Overhyped, unrealistic, and exaggerated capabilities permeate how generative AI models are presented, which contributes to the popular misconception that these models exceed human-level reasoning and exacerbates the risk of transmission of false information and negative stereotypes to people. Generative AI models—including OpenAI’s GPT variants, Google’s Bard, OpenAI’s DALL·E, Stable Diffusion, and Midjourney—have captured the minds of the public and inspired widespread adoption. Yet, these models contain known racial, gender, and class stereotypes and biases from their training data and other structural factors, which downstream into model outputs (1–3).
Marginalized groups are the most negatively affected by these biases. Further, these models regularly fabricate information (4). Some model developers have acknowledged these problems but suggested that people must use the systems to reveal trends in problematic outputs to remedy them. This ignores that distortions to human beliefs caused by generative AI models cannot be easily corrected after problems are discovered.
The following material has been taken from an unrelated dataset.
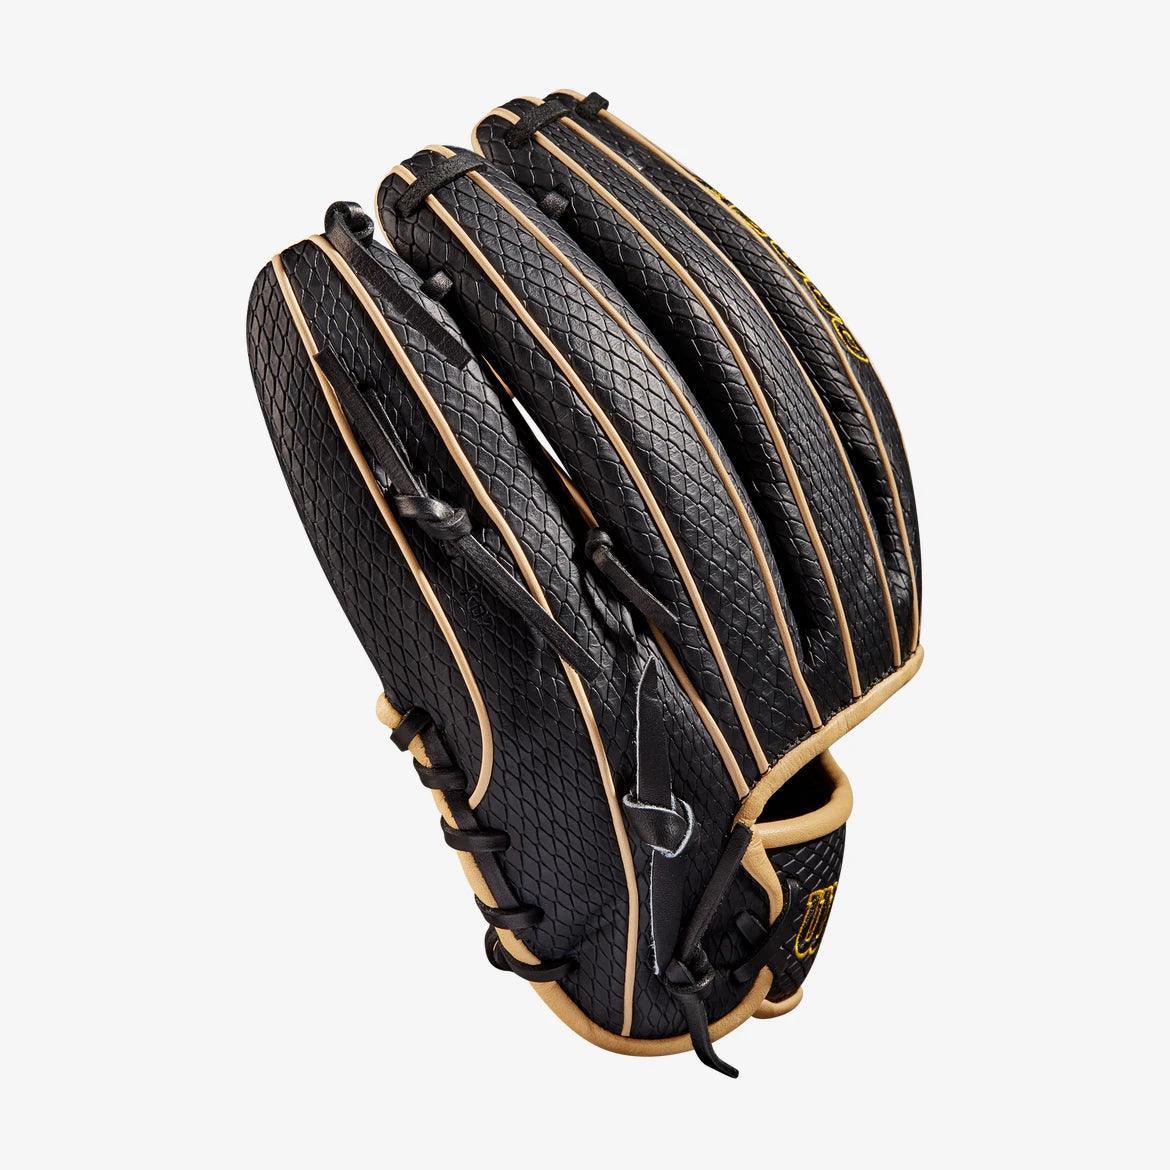 Wilson A2000 KBH13 11.75" Black Infield Baseball Glove - CustomBallgloves.com
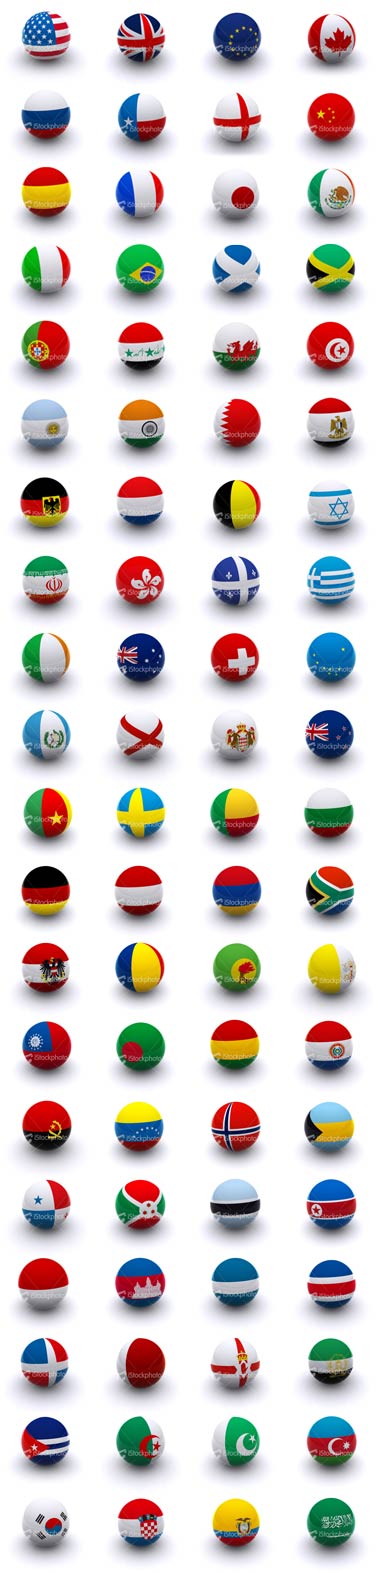 3D Ball - Mexico Flag stock photo 5131140 - iStock

Further, the reactive nature of this approach does not acknowledge a key problem of current generative AI systems, the inability of their architecture to distinguish fact from fiction (4). Three core tenets of human psychology can help build a bridge of understanding about what is at stake when discussing regulation and policy options. These ideas in psychology can connect to machine learning but also those in political science, education, communication, and the other fields that are considering the impact of bias and misinformation on population-level beliefs. People form stronger, longer-lasting beliefs when they receive information from agents that they judge to be confident and knowledgeable, starting in early childhood.
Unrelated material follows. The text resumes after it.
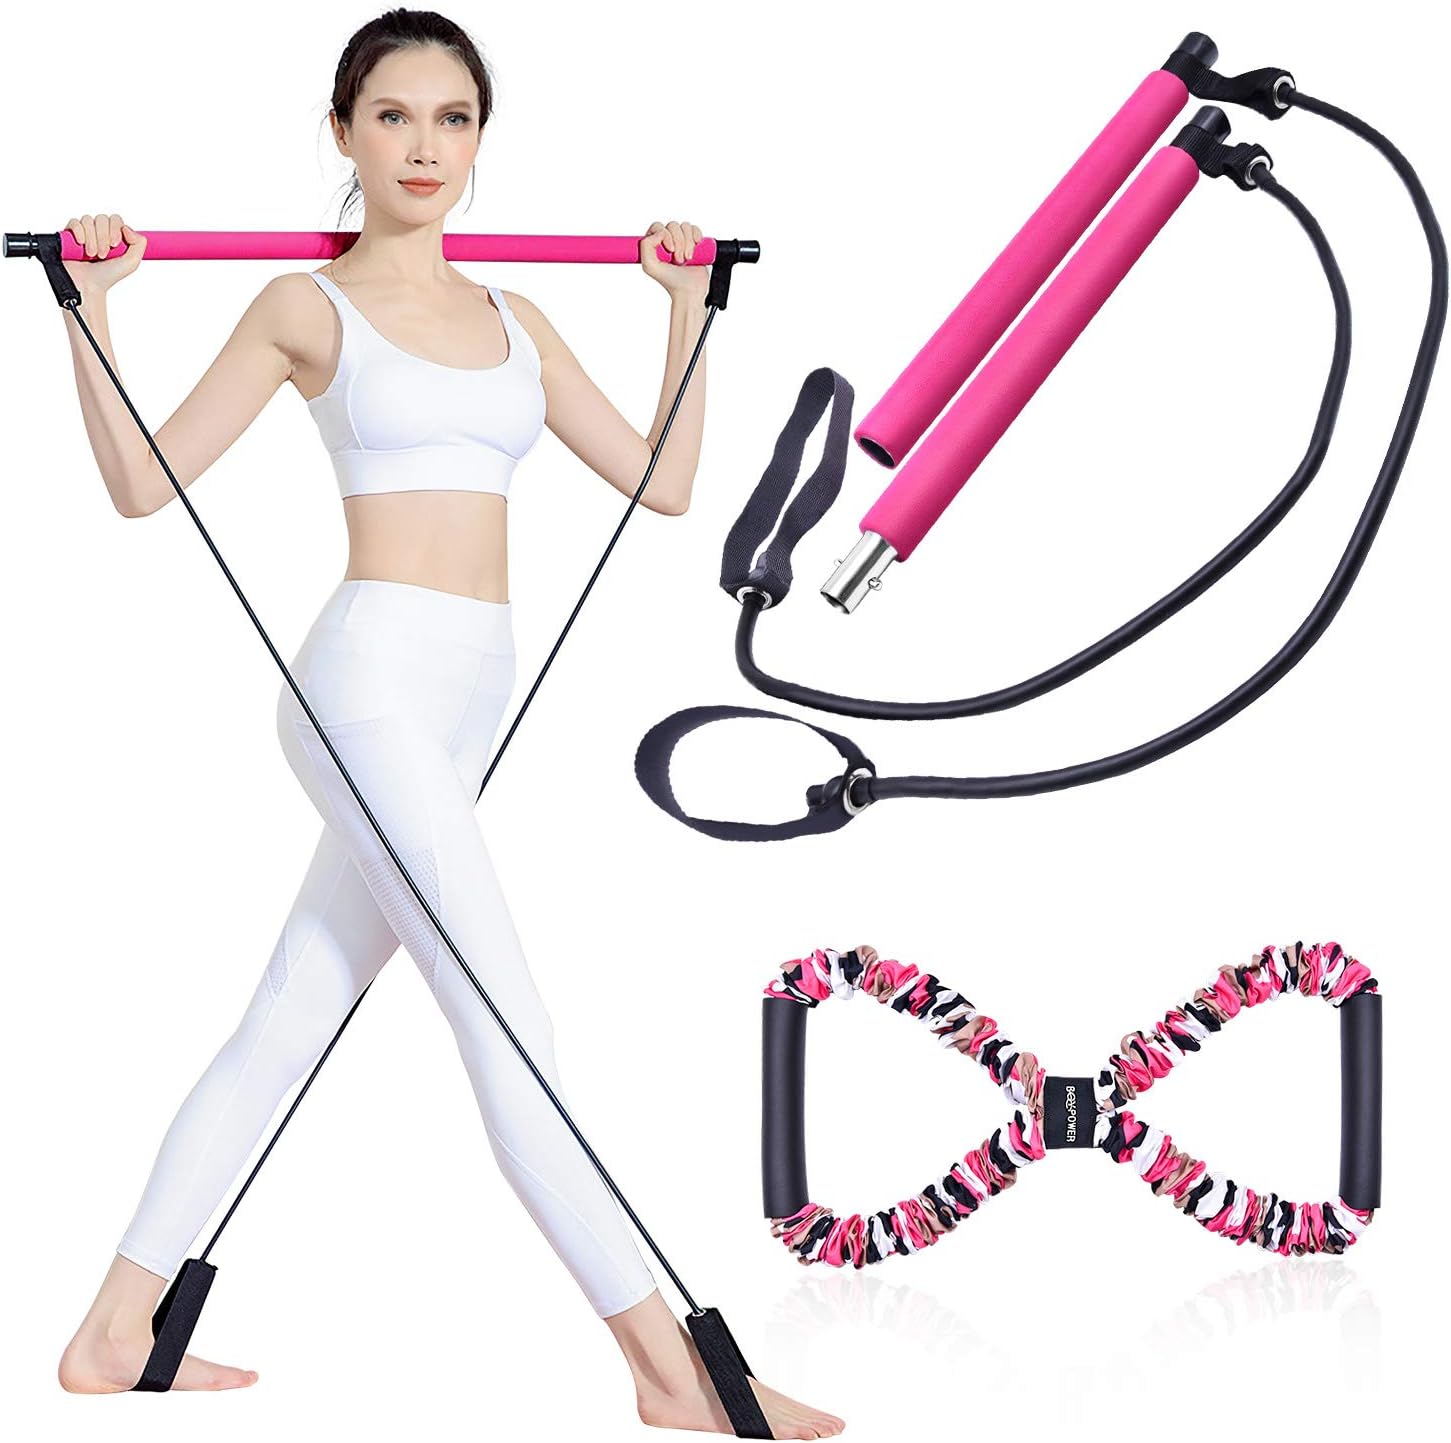 Portable Pilates Bar Kit Home Exercise Stick With Resistance Band Toning Gym UK

For example, children learned better when they learned from an agent who asserted their knowledgeability in the domain as compared with one who did not (5). That very young children track agents’ knowledgeability and use it to inform their beliefs and exploratory behavior supports the theory that this ability reflects an evolved capacity central to our species’ knowledge development. Although humans sometimes communicate false or biased information, the rate of human errors would be an inappropriate baseline for judging AI because of fundamental differences in the types of exchanges between generative AI and people versus people and people. For example, people regularly communicate uncertainty through phrases such as “I think,” response delays, corrections, and speech disfluencies. By contrast, generative models unilaterally generate confident, fluent responses with no uncertainty representations nor the ability to communicate their absence. This lack of uncertainty signals in generative models could cause greater distortion compared with human inputs.
Further, people assign agency and intentionality readily. In a classic study, people read intentionality into the movements of simple animated geometric shapes (6). Likewise, people commonly read intentionality—and humanlike intelligence or emergent sentience—into generative models even though these attributes are unsubstantiated (7). This readiness to perceive generative models as knowledgeable, intentional agents implies a readiness to adopt the information that they provide more rapidly and with greater certainty. This tendency may be further strengthened because models support multimodal interactions that allow users to ask models to perform actions like “see,” “draw,” and “speak” that are associated with intentional agents. The potential influence of models’ problematic outputs on human beliefs thus exceeds what is typically observed for the influence of other forms of algorithmic content suggestion such as search. These issues are exacerbated by financial and liability interests incentivizing companies to anthropomorphize generative models as intelligent, sentient, empathetic, or even childlike.
The number of exposures to fabricated information predicts how deeply ingrained the belief in that information becomes. Greater repetition predicted greater strength in a person’s belief in a false statement—even when the statement contradicts a person’s prior knowledge (8). Trends that increase people’s exposures to fabrications consequently increase the strength of people’s beliefs in false information. The trend of integrating generative AI models into existing technologies—e.g., search engines and smartphones—will almost certainly mean greater exposure to the models’ fabrications and biases.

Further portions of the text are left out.